Limiting the Use of Cash for Big Purchases: Assessing the Case for Uniform Cash Thresholds
Peter Sands, Haylea Campbell, Tom Keatinge and Ben Weisman
2017
Abstract
For all the hype about electronic payment systems, cash remains by far the world’s most popular financial transaction mechanism. However, over the past year there has been an intensification of the discussion about the role of cash in society. Cash has great advantages: it is familiar; simple to use; and ubiquitously accepted. But cash also has downsides: as cash transactions leave no record, cash plays a critical role in money laundering, tax evasion and terrorist financing.

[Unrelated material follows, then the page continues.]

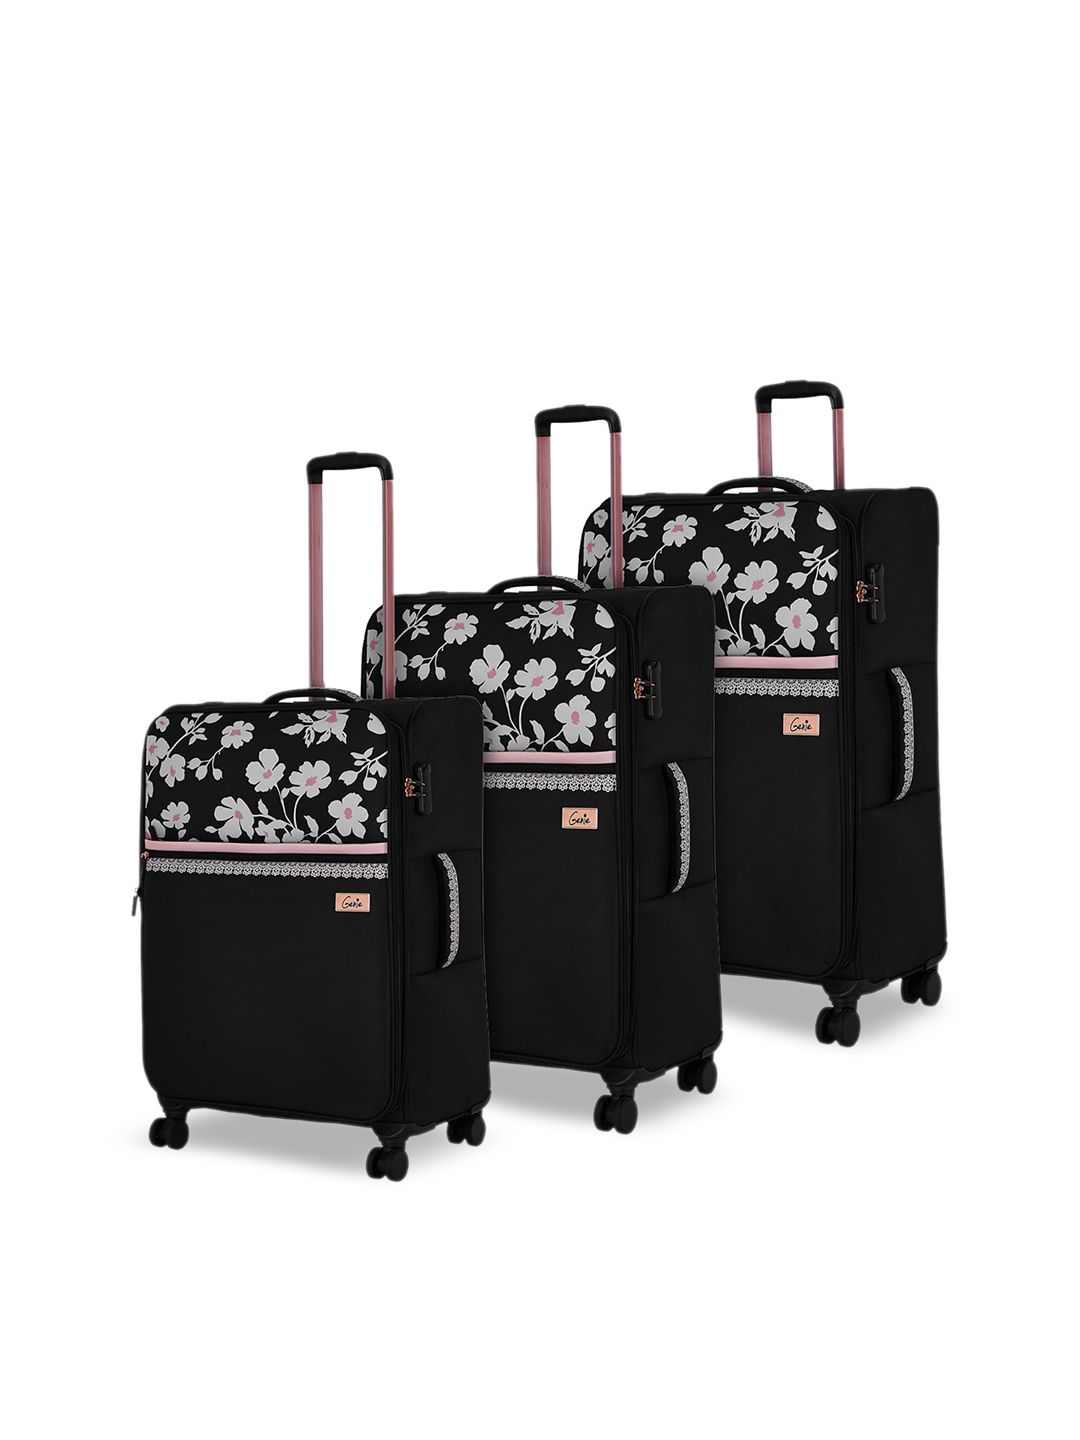 Genie Set Of 3 Black & White Printed Soft-Sided Trolley Suitcase Price in India

The purpose of this paper is to provide a critical assessment of the case for cash thresholds – legal limits on the size of transaction for which cash can be used – and to evaluate whether such thresholds should be set at a uniform level across countries. This is a live policy debate within the EU. Some member states, such as France, Belgium and Italy, have already introduced cash thresholds at levels between €1,000 and €15,000. In others, such as Germany, the idea has triggered fierce opposition.

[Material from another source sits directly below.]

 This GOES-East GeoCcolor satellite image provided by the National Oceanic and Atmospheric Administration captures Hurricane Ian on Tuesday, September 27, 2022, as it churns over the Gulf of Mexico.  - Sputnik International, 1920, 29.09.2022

Thus far, the arguments for such legislation, at least at EU level, have largely been framed within the broader objective of implementing a common counterterrorist financing strategy. The arguments against have typically focused on the infringement of privacy and individual liberty and the belief that such thresholds are a step towards eliminating cash altogether. Yet there has not been much considered assessment of the arguments for and against cash thresholds that looks more broadly at the potential impact of such thresholds on tax evasion and financial crime and the possible disruption of legitimate economic activity.